Your response to La Cabina is therefore somewhere between the conscious and the unconscious, and this is why it succeeds in being of the most memorable horror films of all time.

What Is La Cabina About?

This extreme portrayal of the human condition gets to the viewer so effectively because it plays on fears of exposure.  It's the glass of the cabina that makes the experience so awful.

José Luis López Vázquez as La Cabina man - happiness

The La cabina man is laughed at all the way through the film, until he reaches the fringes of the city, and there in the ruins are some circus performers, one of whom is quite deformed. 

This is a classic cinematic trope - the outcasts.  Of course these outcasts do not laugh at the La cabina man.  They only look on gravely.  They have seen it all before.

As the La cabina man progresses on his journey of confusion, first isolated in a society without care and then removed via an existential wasteland and into a bizarre tecnological tomb, his pain, and the viewer's pain, is heightened by an image of his son.

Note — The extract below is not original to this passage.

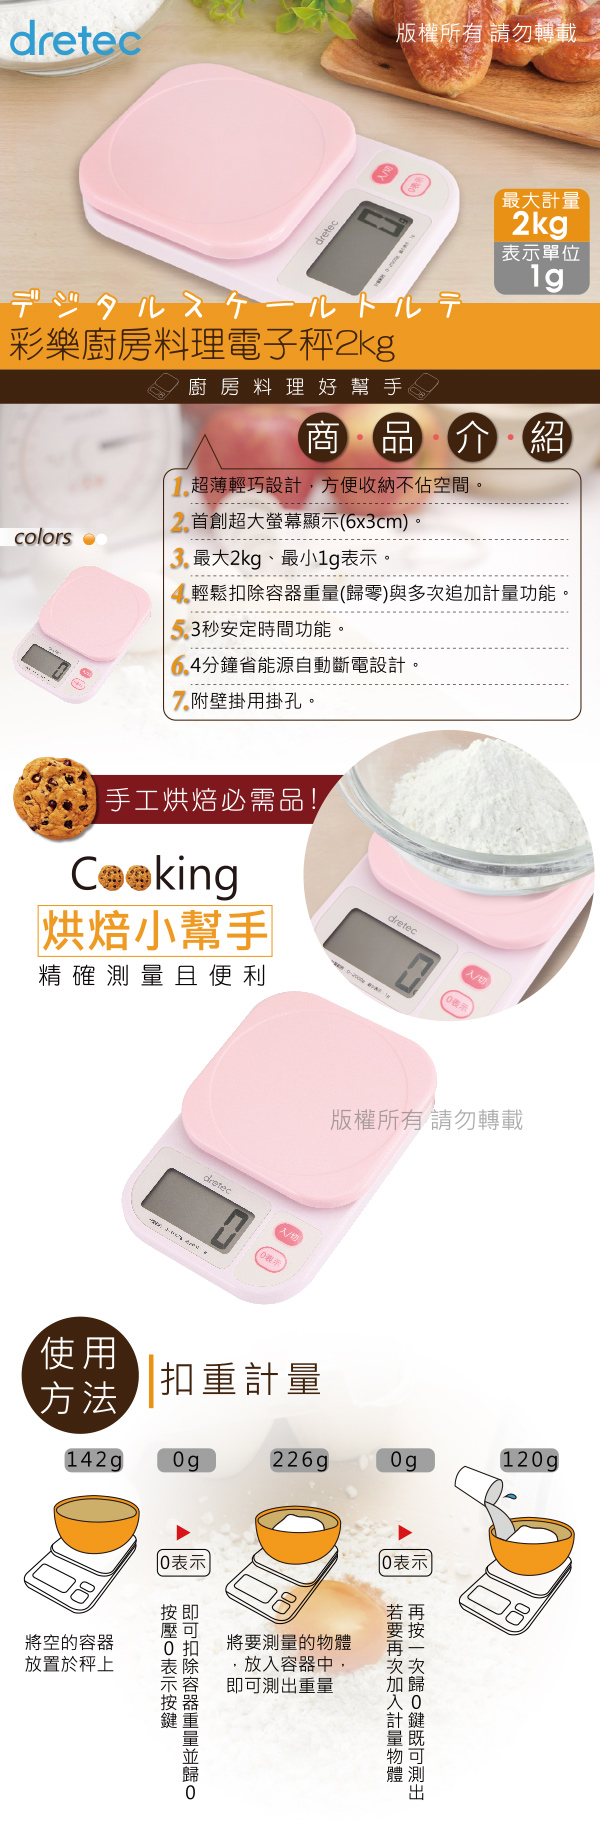 dretec 彩樂廚房料理電子秤2kg 粉

Of all the aspects of La cabina, this is the hardest to stomach.  When a vision his son hits La cabina man near the end, it is then that we truly feel the pain of all this pointlessness. 

The genius of La Cabina lies in this concrete expression of the abstract pains of life. Life's stupidity.  Life's traps.  Life's regrets. The fact that life ends with so much undone.  The fact that life ends at all.

José Luis López Vázquez as La Cabina man - doubt
The Finale

Even if you haven't seen La cabina, its reputation and pedigree is such that you may already know what happens in the end.

It is still however worth seeing.  The build up to the finale is much stranger than you would expect as the action veers into a strange industrial setting.  I guess this is the film saying that industrialised society is confining and killing us . . . . but that is not what you will be thinking.

You will be thinking: "WHY WOULD ANYBODY DO THIS?!" And even if you want to get away, like the La cabina man, you are seeing this through to the finale.

José Luis López Vázquez as La Cabina man - horror

Who would do such a thing as this? 

There is of course only one answer . . .  it is God.

La cabina is God's sense of humour and only God can know why God finds this sort of treatment acceptable, and that in the nutshell is the logic of La cabina.  

More than any speculation on industrial society, all of life is felt in this predicament.  As Hombre de la cabina nears his final destination, a mysterious helicopter appears and he pleads to it for help, and I couldn't help thinking that somehow this was representitive of God.

Ach . . . I'm getting too heavy.  Either way, La cabina sums up much about life.  A pointless journey, during which you are exposed to confusion, ridicule and baffling emotions.  And it is a trap from the off.

Beware

The fantastic thing about La Cabina is that it is one of these films that you may only see once, but which will stay with you for life.